Next I looked at these signals on a scope. DAT and CLK looked reasonable (see attachments 1 and 2). CLK is a stopped clock, which is only active when data is being clocked out, this is likely normal. STR is completely missing.
STR is only used to clock the four shift registers, so I decided to desolder resistors R165, R200, R279 and R111 to completely unload this signal. After this I scoped the STR pin (U165-25), and saw something (probably just ground bounce from other signals in this IC, see attachment 3), but certainly not a valid strobe signal.
I also scoped STR1, a second strobe signal for a different shift register that shares the DAT and CLK pins, and it looks correct, see attachment 4.
From all of this I think:
- In mode 1 the shift register chain (U121, U134, U109 and U106) is latching from junk residual signal on the STR line. This leads to junk data at the output of this register, including the inputs to switch U133.
- The output threshold of U165 or the input thresholds of the shift registers change over time, so they stop seeing any STR signal after some time and the DMM enters mode 2.
- If the junk output causes switches U133-A and U133-D to close at the same time the DMM enters mode 3. This seems to cause some issue with the main processor, and is stops sending data to U165.
- Probing the STR output of U165 while the unit is running and the resistors are all in place causes it to enter mode 2 - probably the additional capacitance of the probe completely kills the junk signal.

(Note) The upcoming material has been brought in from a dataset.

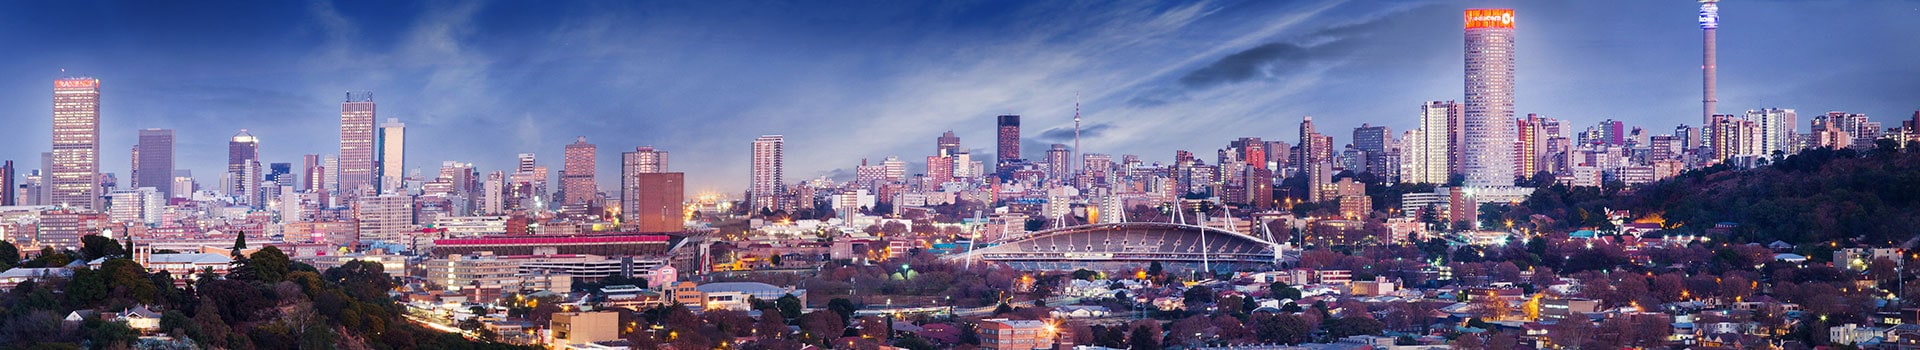 Manises - Johannesburg
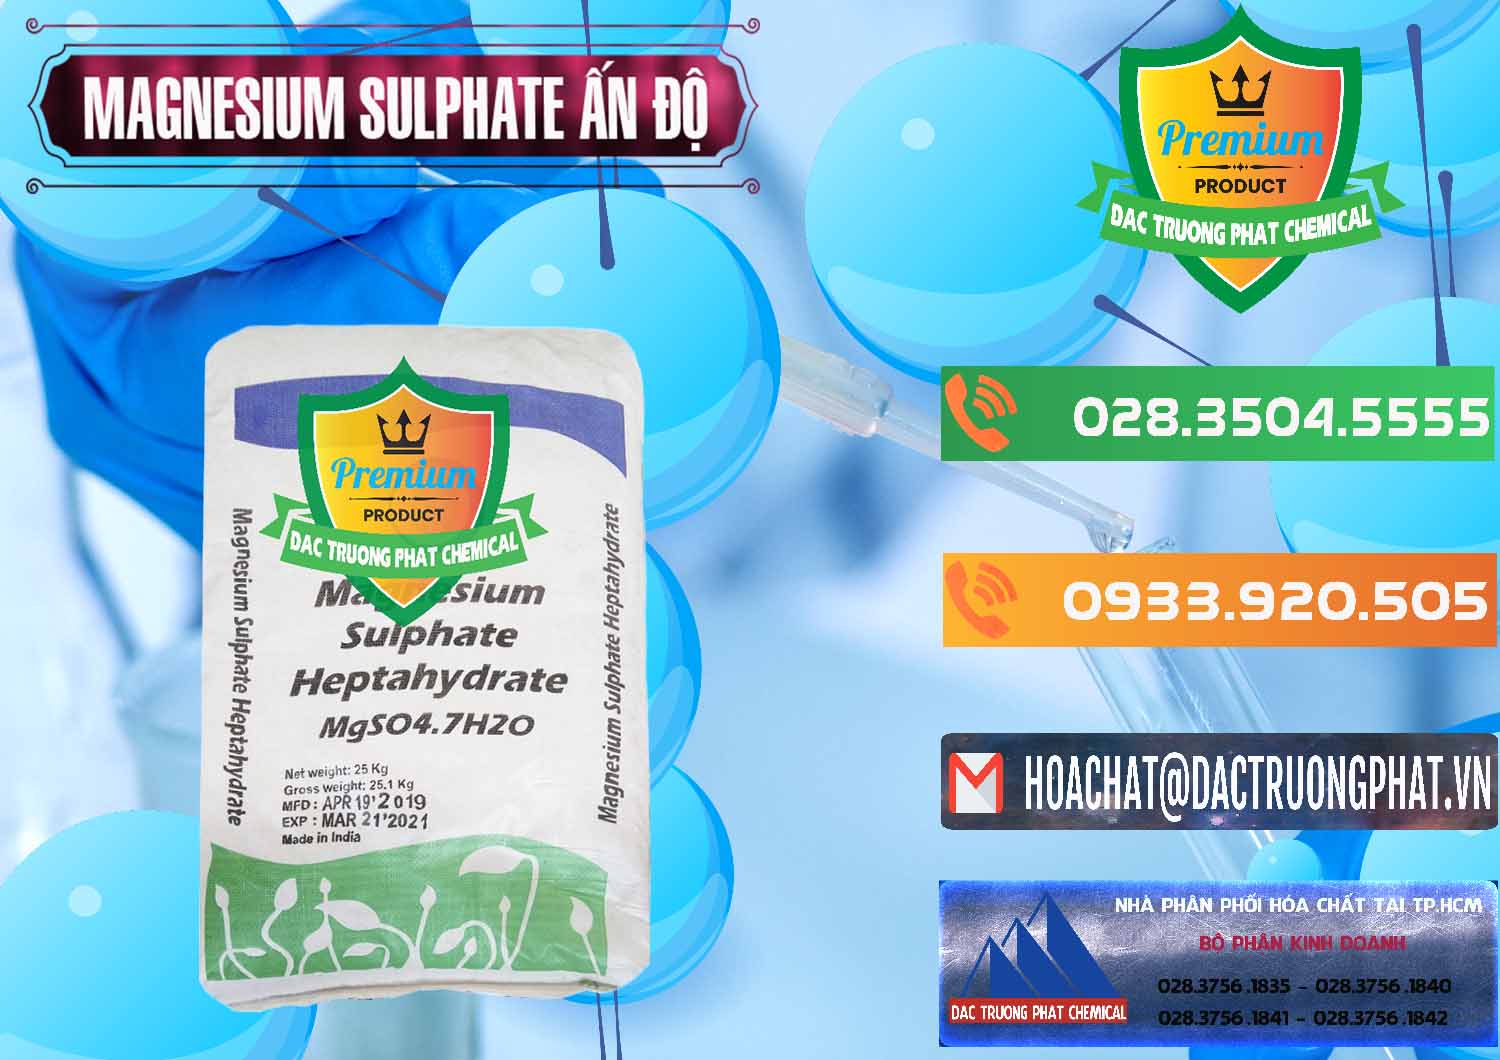 Chuyên bán - cung cấp MGSO4.7H2O – Magnesium Sulphate Heptahydrate Ấn Độ India - 0362 - Nhà cung ứng & phân phối hóa chất tại TP.HCM - hoachatxulynuoc.com.vn

The big conclusion is that U165 is probably bad. Fan-bloody-tastic, that's the one custom IC on the entire mainboard!
The point of these posts: please shout out if you think I'm off track, or I've missed something. Also, to help anyone else that might strike a similar weird issue. And, if you happen to have a 2000-802A02 (U165) lying around, do reach out! I'll be trying to get one through the local Keithly / Tektronix distributor, hopefully they're still available (the 2015 is still in production I think).